1. An airplane flying horizontally encounters a low pressure and drops, and you feel lighter. If your apparent weight during that time is 60% of your true weight, what is the acceleration of fall of the plane? If the plane now climbs back with an acceleration equal and opposite to the acceleration of fall, what will be your apparent weight at that time?
…
There is a vital piece of information I am missing out on!

Hi sousou_88! Welcome to PF!

The vital piece of information you are missing is R, the reaction force on you (from the airplane) …

good ol' https://www.physicsforums.com/library.php?do=view_item&itemid=26" won't work without it.

(and R is also your apparent weight)

 

[bahar123123]

Answer# 1. as we know that the equation relating the Apparent and the Real weight is given as
Fnet=W(real)-W(apparent)...1

but
W(real)=Mg..........2
W(app)=60% X W(real).......3
and F(net)=Ma.........4
where M is the mass of the aeroplane

so Ma =Mg-0.60xMg

this gives us that "a" is = gx(0.40) = 3.92m/s^2

this is the acceleration with which the aeroplane must fall...

 

[RoyalCat]

A good way to approach this problem would be with fictitious forces. A free body diagram from the accelerated point of view, would reveal three forces acting on you, one of them is the fictitious force, and the other two are the force of gravity, and the reaction force from the airplane. From the accelerated frame, you are at rest.

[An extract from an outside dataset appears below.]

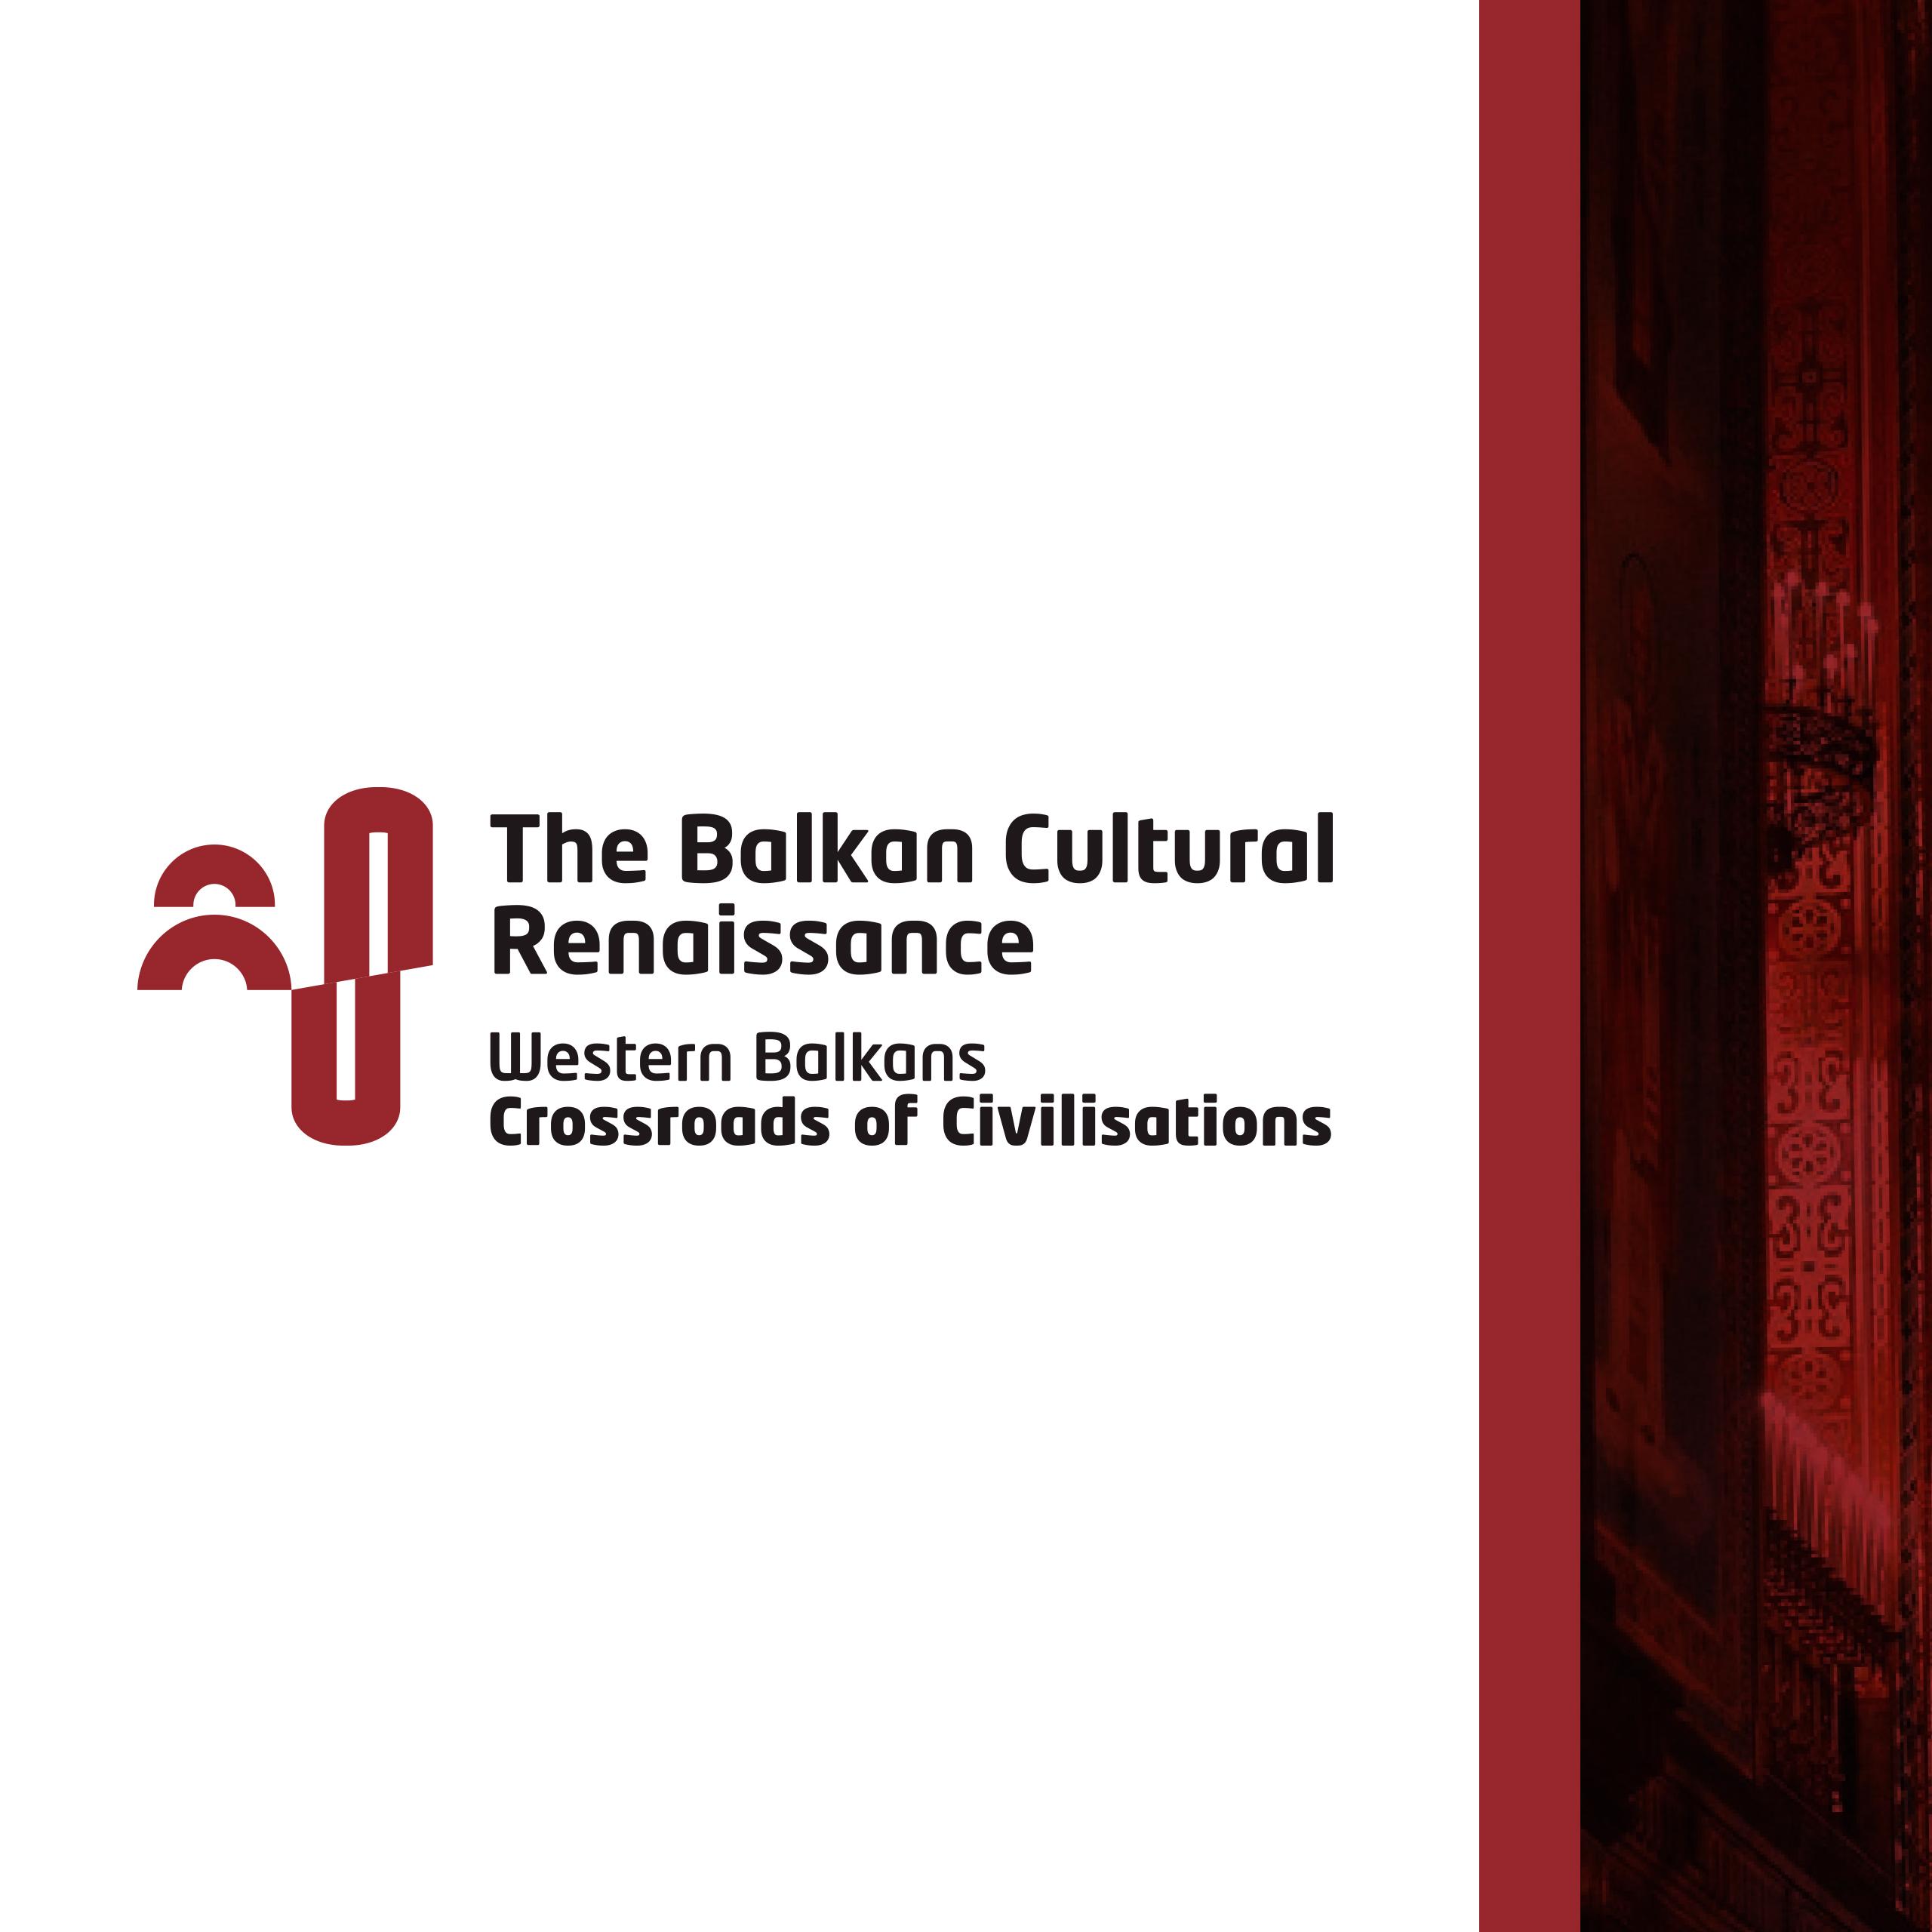 Western Balkans Crossroads of Civilisations, Project Img 15 - Vatra Agency / Founder & CEO Gerton Bejo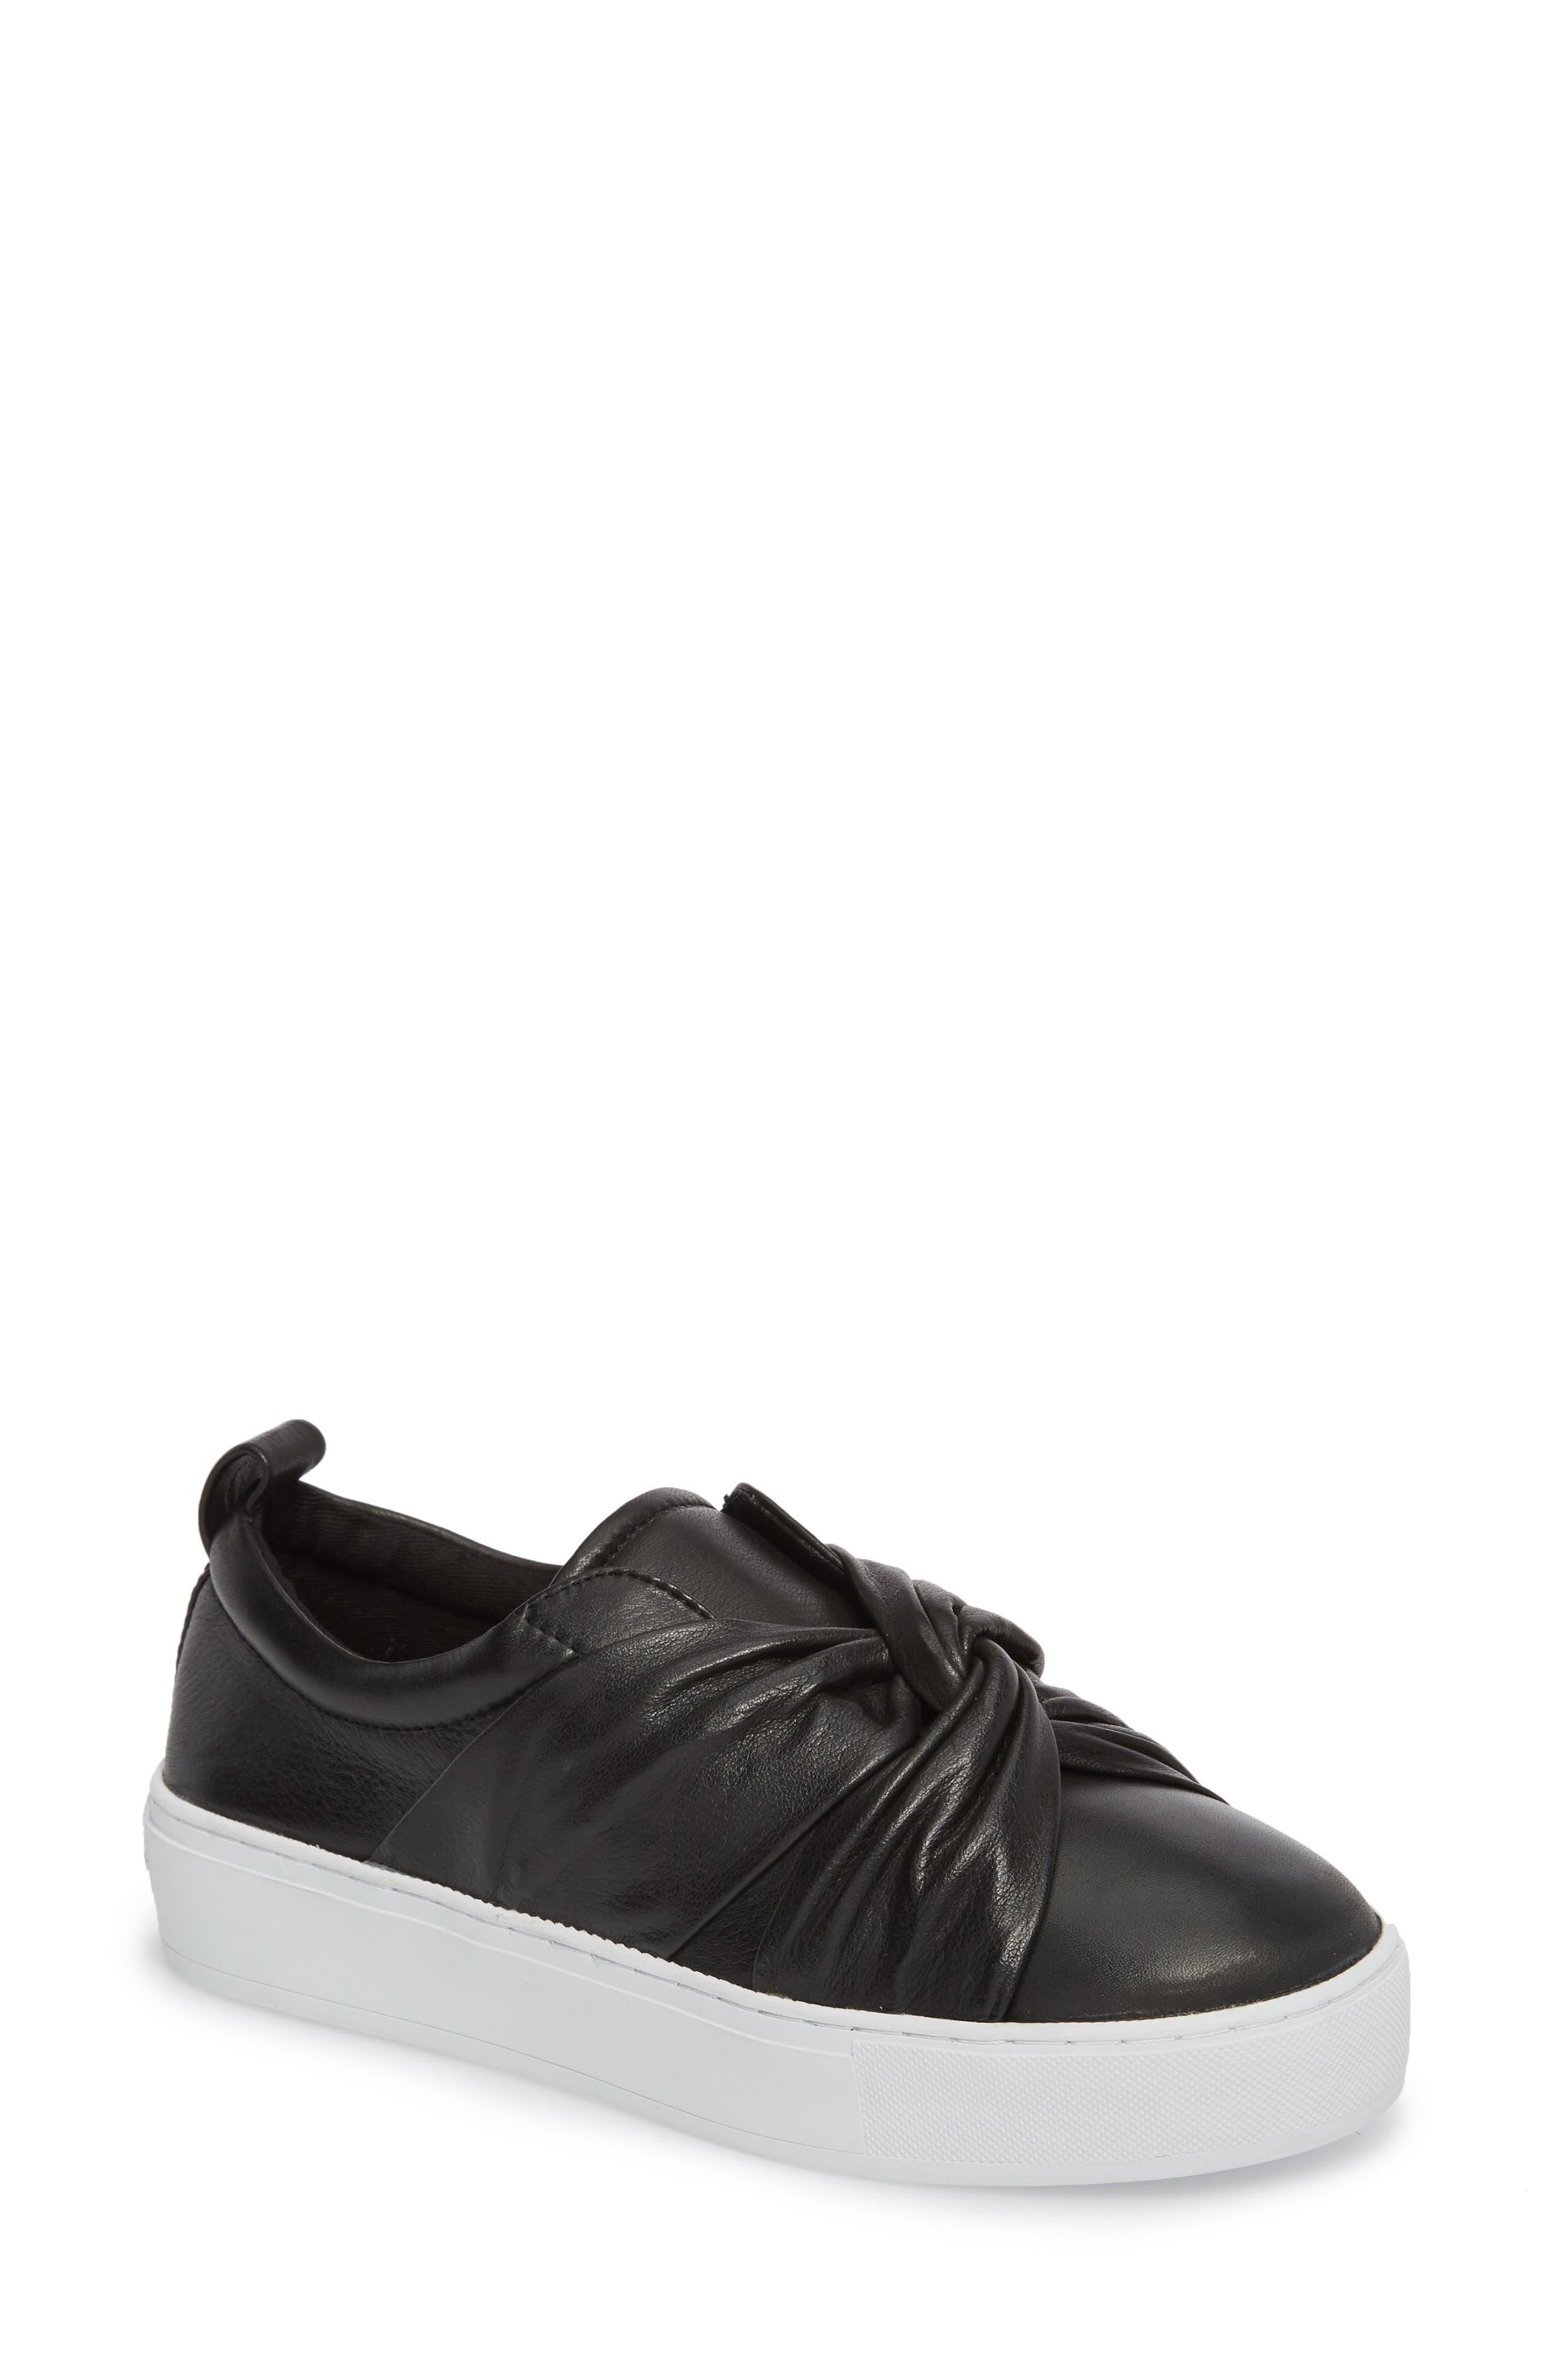 Nicole Platform Sneaker,                         Main,                         color, Black Leather

For a positive y-axis pointing down, the direction of the acceleration is also down, and positive. Remember that the fictitious force is opposite the direction of the acceleration of the frame of reference.

F_d = -mA
F_g = mg
The reaction force is your apparent weight (Negative sign, as it is pointing up)

I think that a point that's confusing you is what your weight during free-fall would be. In free-fall, you are weightless!
Gravity has an equal effect on everything around you, you are not accelerating relative to the scale you're standing on, so you don't enact any force on it.
If you were being accelerated at a constant acceleration g, upwards, your apparent weight would be twice your actual weight.